What Is the Impact of Bioidentical Hormones on Hair Loss?

Updated: Jul 10, 2020

Hair loss is a known side effect of menopause, and many women find it to be one of the most frustrating and annoying. Women grow used to having thick hair, and when it begins thinning or falling out altogether it can be tough to cope with. Many women search high and low for products and treatments that will keep their hair loss to a minimum. One treatment menopausal women turn to is bioidentical hormone therapy. But what is bioidentical hormone therapy, and how does it help fight hair loss? Continue reading to find out what bioidentical hormones could do for you, how they combat hair loss and most importantly, whether they are safe.

What Is Bioidentical Hormone Therapy?

Bioidentical hormone replacement therapy is considered a form of alternative medicine

Bioidentical hormone replacement therapy (BHRT) is a term used to describe the use of hormones that, on a molecular level, are identical to endogenous hormones. The specific hormones that are used in bioidentical hormone therapy vary, but can include estrone, estradiol, progesterone, testosterone, dehydroepiandrosterone (DHEA), and estriol.
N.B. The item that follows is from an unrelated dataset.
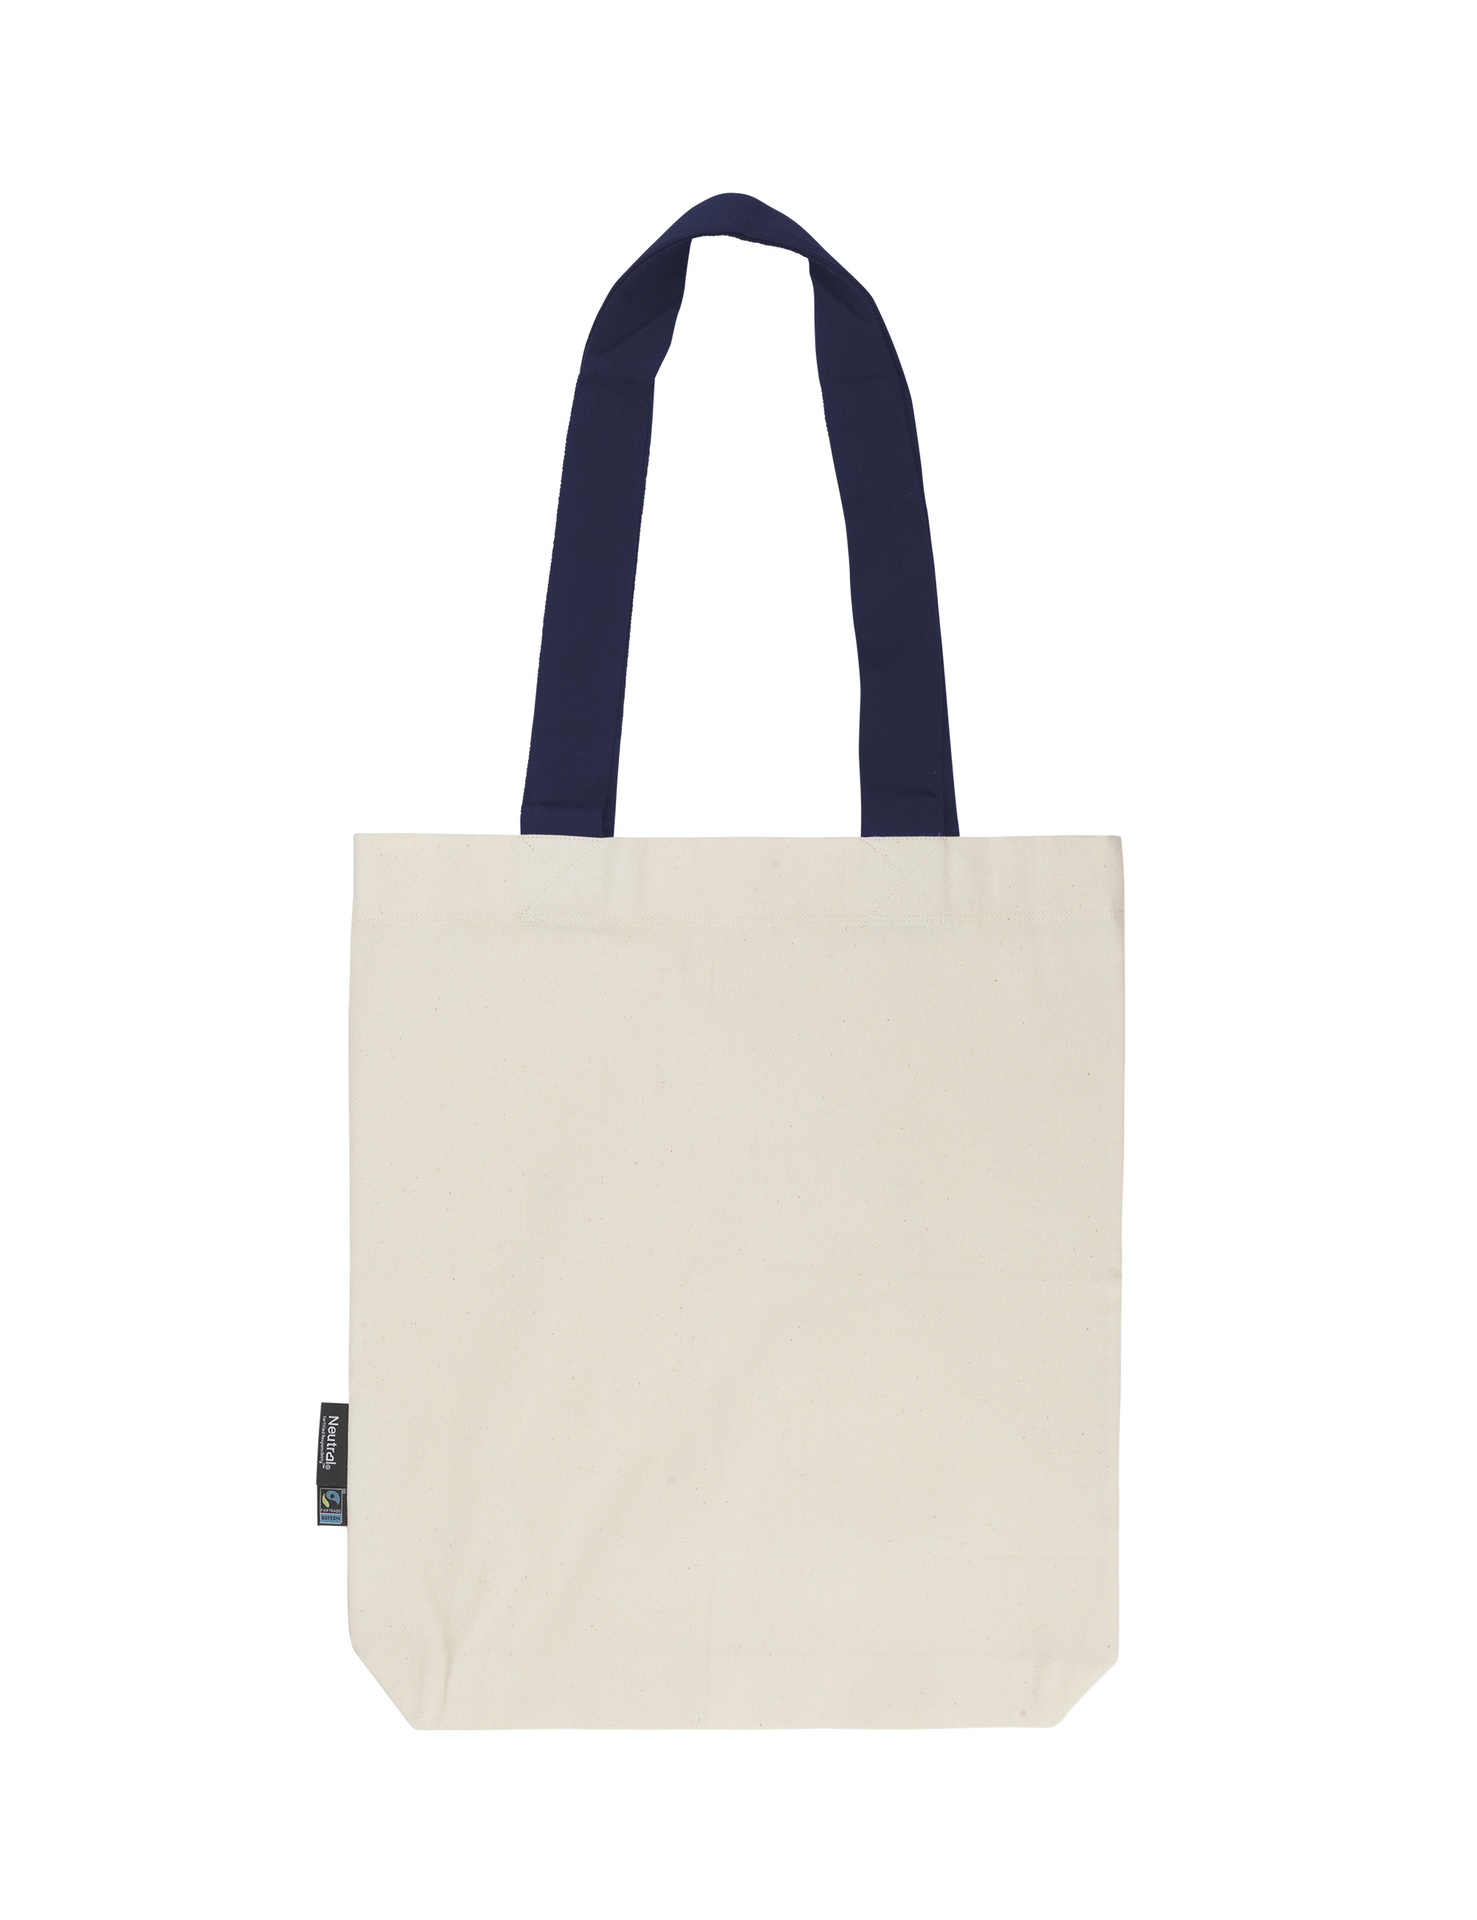 [PR/05775] Twill Bag With Contrast Handles (Nature/Navy 04)

BHRT is almost solely practiced in the U.S. and is considered a form of alternative medicine. Not only are bioidentical hormones promoted to fight menopausal symptoms, but also as a treatment that can reduce the risk of osteoporosis.

Bioidentical Hormones and Hair Loss

Some researchers believe that bioidentical hormones do fight the symptoms of menopause, hair loss included. Bioidentical hormones have the exact molecular structure of the hormones that a woman's body produces naturally. In other words, these hormones are no different from the hormones that women's bodies produce from about age 12 through 51. Bioidentical hormones are just as effective in eliminating symptoms of menopause as synthetic hormones at balancing the fluctuating hormones that cause hair loss and other menopausal symptoms.

Are Bioidentical Hormones Safe?

Use bioidentical hormone therapy in order to prevent hair loss

Many doctors and researchers agree that bioidentical hormones, when used in smaller doses, carry little substantial risk. The risks also depend on how, and with what, the hormones are made. But some of the side effects of bioidentical hormone therapy include increased risks of cancer, stroke, and heart attack. If you are considering using bioidentical hormone therapy as a treatment for your menopause symptoms, such as hair loss, you must first consult with your doctor to establish if it is the right move for you.